Online sipariş vermenin kolaylaşmasıyla birlikte fastfood tüketiminde artış oluştu. Bunun yanı sıra market raflarında hızlı pişirilmesi sebebiyle işlenmiş birçok ürününde satışları arttı. Vatandaşların severek tükettiği birçok ürünün içerisine raf ömrünü uzatmak, koruyuculuğunu artırmak için eklenen bazı gıda katkı maddelerinin (sodyum nitrit, mono sodyum glutamat gibi) ürün içerisindeki yoğunluğu ve tüketim sıklığına bağlı olarak başta tip 2 diyabet, kalp damar hastalıkları, kanser ve obezite gibi hastalıklar için risk oluşturabiliyor. ÇOMÜ Spor Bilimleri Fakültesi Öğretim Üyesi Doç. Dr. Günay Eskici gazetemize verdiği röportajda yiyeceklerdeki zararlı maddelerin sık tüketiminde insan sağlığında oluşturabileceği olumsuz etkileri açıkladı.

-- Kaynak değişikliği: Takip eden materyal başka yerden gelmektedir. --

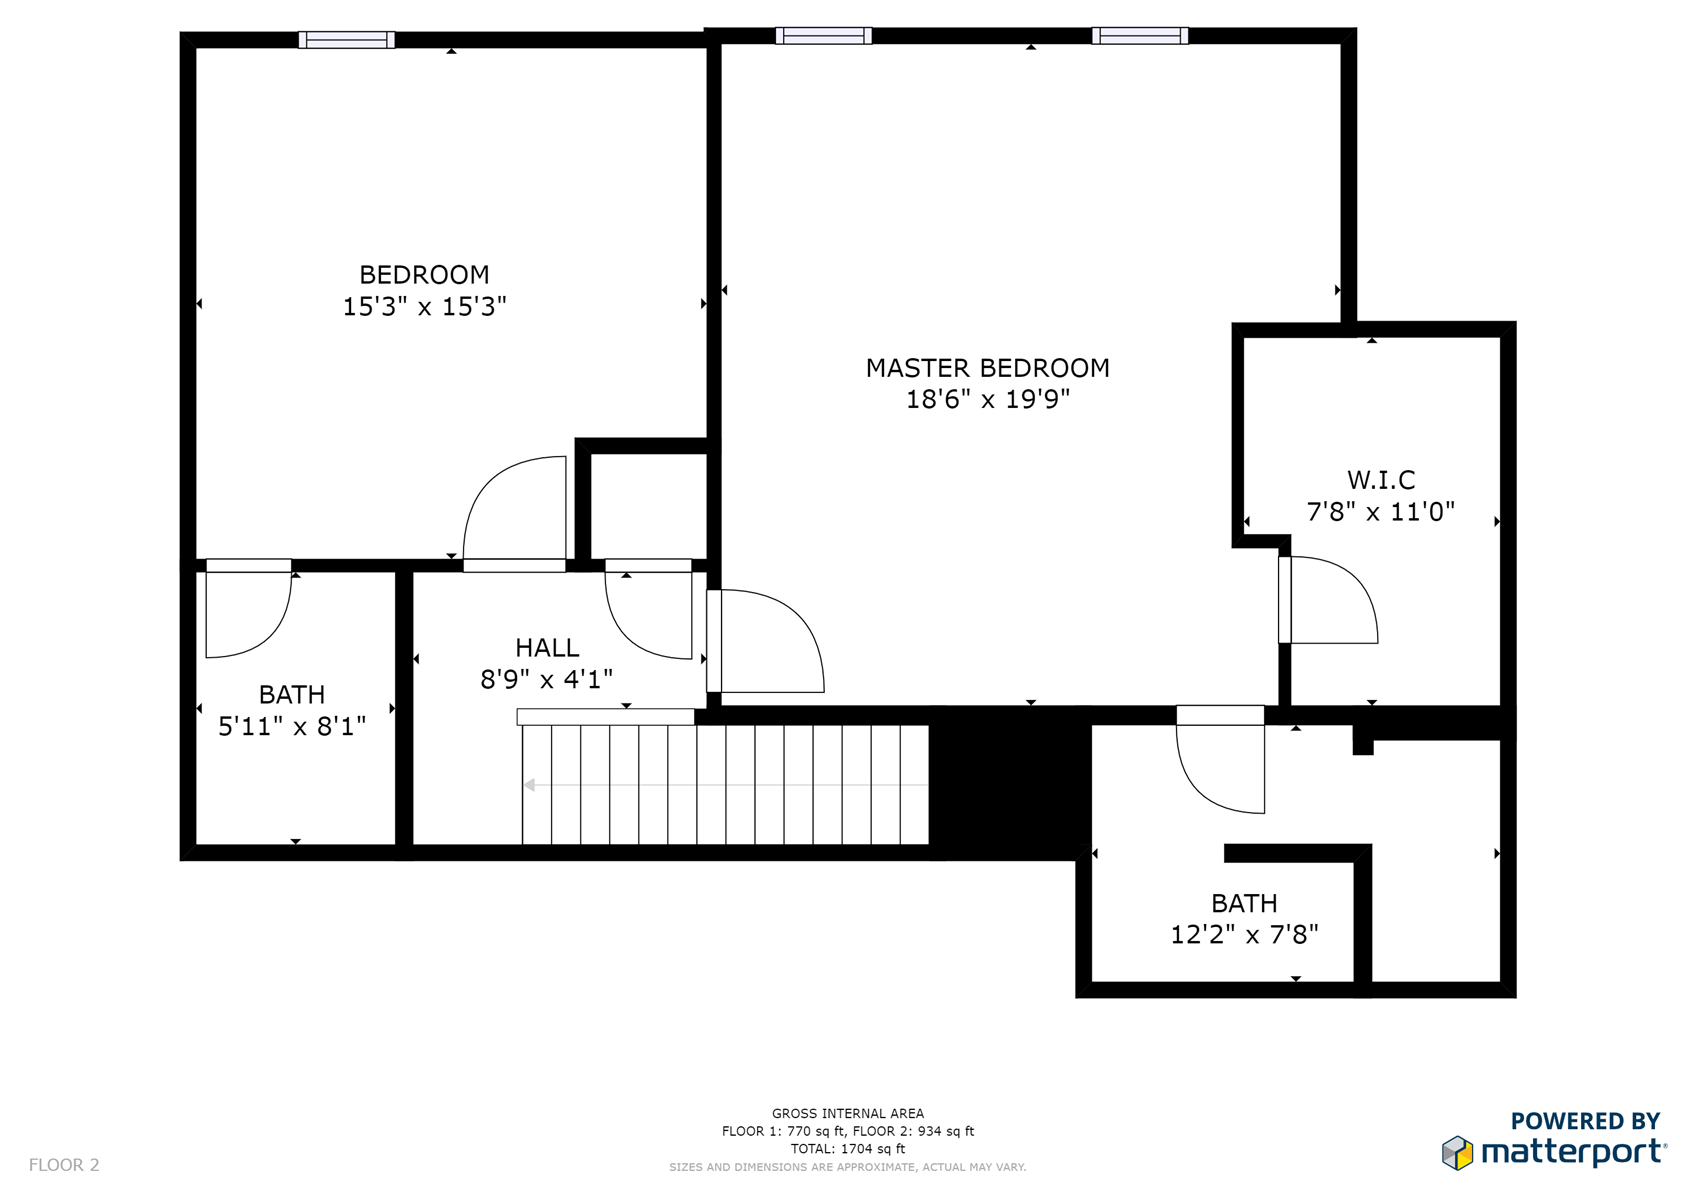 Floor Plan for Water Street Residence B: Located just 400 feet from the Plaza! 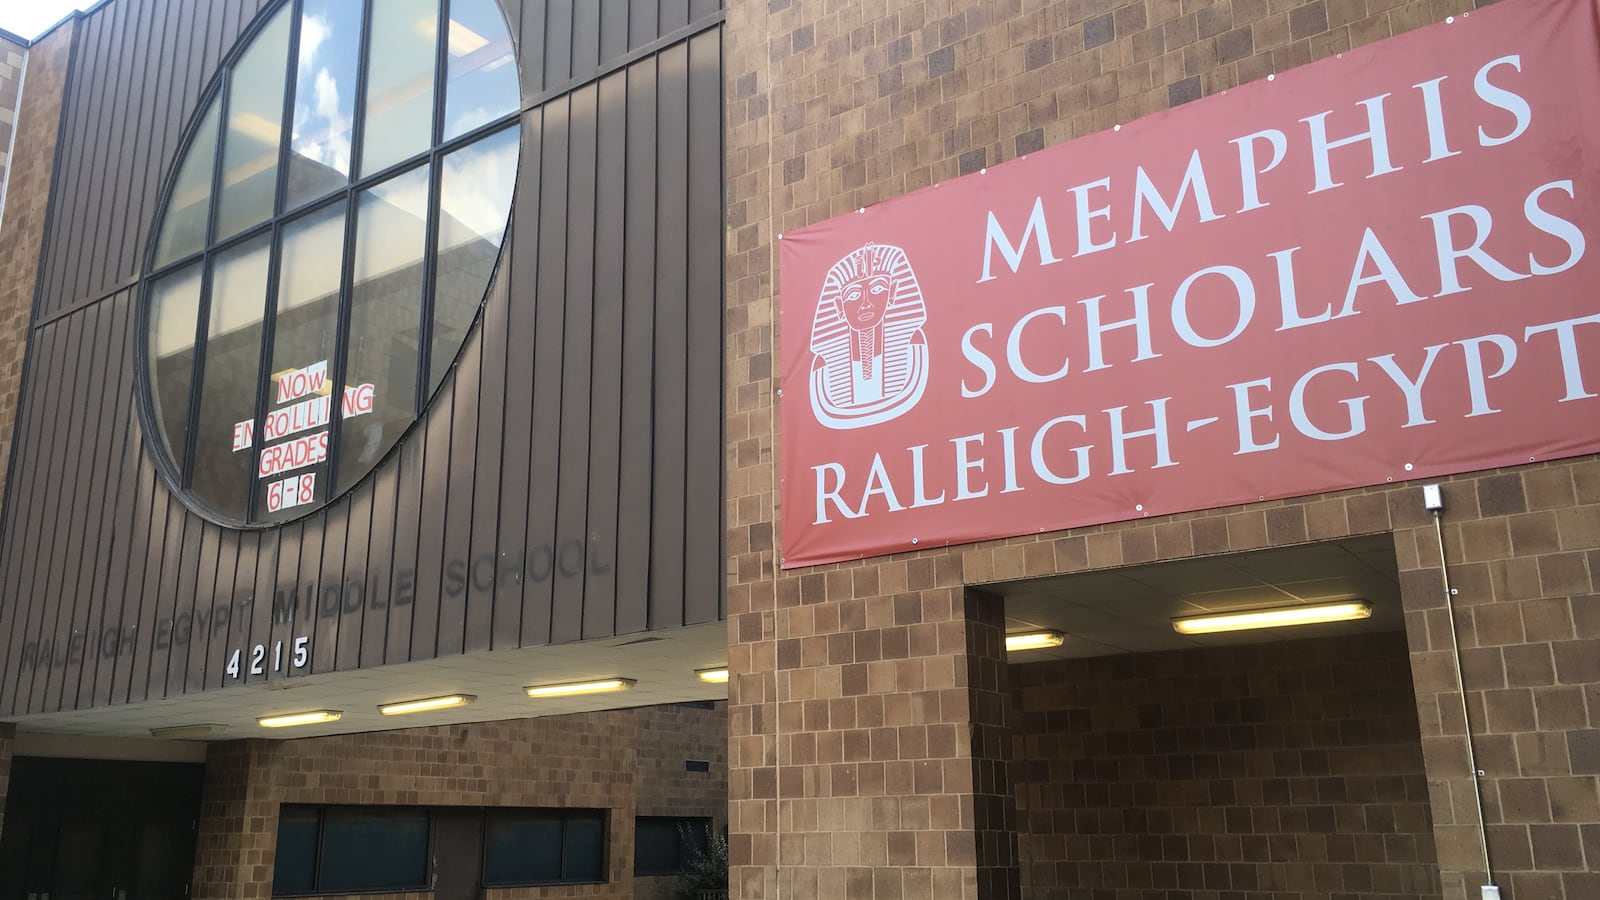 The new sign for Memphis Scholars Raleigh-Egypt is hung near the faded letters of the school’s former middle school name under Shelby County Schools.

Zaman kavramının günümüzde önemli bir yer tutması sebebiyle insanların fastfood ve kolay pişirebilir ürünlere olan yönelimi arttı. Bu ürünlerde ise insanların sağlığını teşkil edecek birçok gıda katkı maddesi bulunuyor. Diyetisyen Günay Eskici fastfood tüketimiyle birlikte maruz kalınan trans yağların fazla miktarda alınmasının kalp sağlığına olumsuz etki ettiğini belirtiyor.
Diyetisyen Günay Eskici Trans yağların fastfood tarzı ürünlerde, kızarmış patateste hazır paketli ürünlerde bulunduğunu belirterek “Trans yağların fazla miktarda alınması başta kalp sağlığı olmak üzere vücudumuzdaki kötü kolesterolün artmasına iyi kolesterolün azalmasına tip 2 diyabet gelişim riskinin ve kanser gelişim riskinin oluşumu için risk oluşturmakla birlikte bağışıklık sistemimizin olumsuz etkilenmesine neden olmaktır. Aynı zamanda işlenmiş etler yine bu dönemde fazla tükettiğimiz ürünler arasında. İşlenmiş etlerden sucuk, sosis, salam, pastırma ve jambon gibi bazı et ürünleri hem raf ömrünü uzatmak hem de etin rengini korumak, mikrobiyal bozulmaya önlemek amacıyla içerisine sodyum nitrit ilave edilir. Böyle bir durumda sodyum nitrit besindeki yoğunluğunun fazla olması ve bu ürünlerin sık bir şekilde tüketilmesi yine sağlığımız açısından önemli sorunlar oluşturabilmekte. Ayrıca monosodyum glutamat dediğimiz çin tuzu olarak da ifade ettiğimiz hazır çorbaların içerisinde, salata soslarına, atıştırmalık ürünlere, cipslere giren bu monososdyum glutamat iştah açıcı özelliği gösterdiği için kişilerin fazla yemesine dolayısıyla obazite gelişimi için risk teşkil edebilir” dedi.
Diyetisyen Günay Eskici “İnsanlarımız ilave şeker ve rafine karbonhidrat tüketimine bununla birlikte yüksek fruktozlu mısır şurubu tüketimine paketli gıdalarda daha fazla ağırlık vermeye başlamıştır. Bilindiği üzere besinlerimiz içerisinde doğal şeker bulunduğu gibi örneğin sütün içerisindeki laktoz ya da meyvelerin içerisindeki früktoz doğal şekerdir. Ancak paketli ürünlerin içerisinde ilave edilen şekerler ya da mısır nişastasından elde edilen yüksek früktoz şurubunun fazla şekilde tüketilmesi başta TİP 2 diyabet ve obazite olmakla birlikte yine sağlığımız açısından zarar teşkil eder. Bu nedenle bunları daha çok bünyesinde barındıran gazlı içecekler, meyve suları, meyveli içecekler ve paketli ürünlerin tüketim sıklığına ve miktarına dikkat edilmesi gerekmektedir. Bu durumda sizlerin canınız hamburger çekiyorsa bunu evde doğal bir şekilde tam tağıllı bir undan yapılan sandviç ekmeği içerisinde marul ve taze kıyma ile yapılan bir köfte ile kendiniz yapabilirsiniz. Defalarca aynı yağda kızarılmış patates kızarması yerine daha az yağda ya da fırında yapabileceğiniz bir kızartmayı tercih edebilirsiniz” ifadelerini kullandı.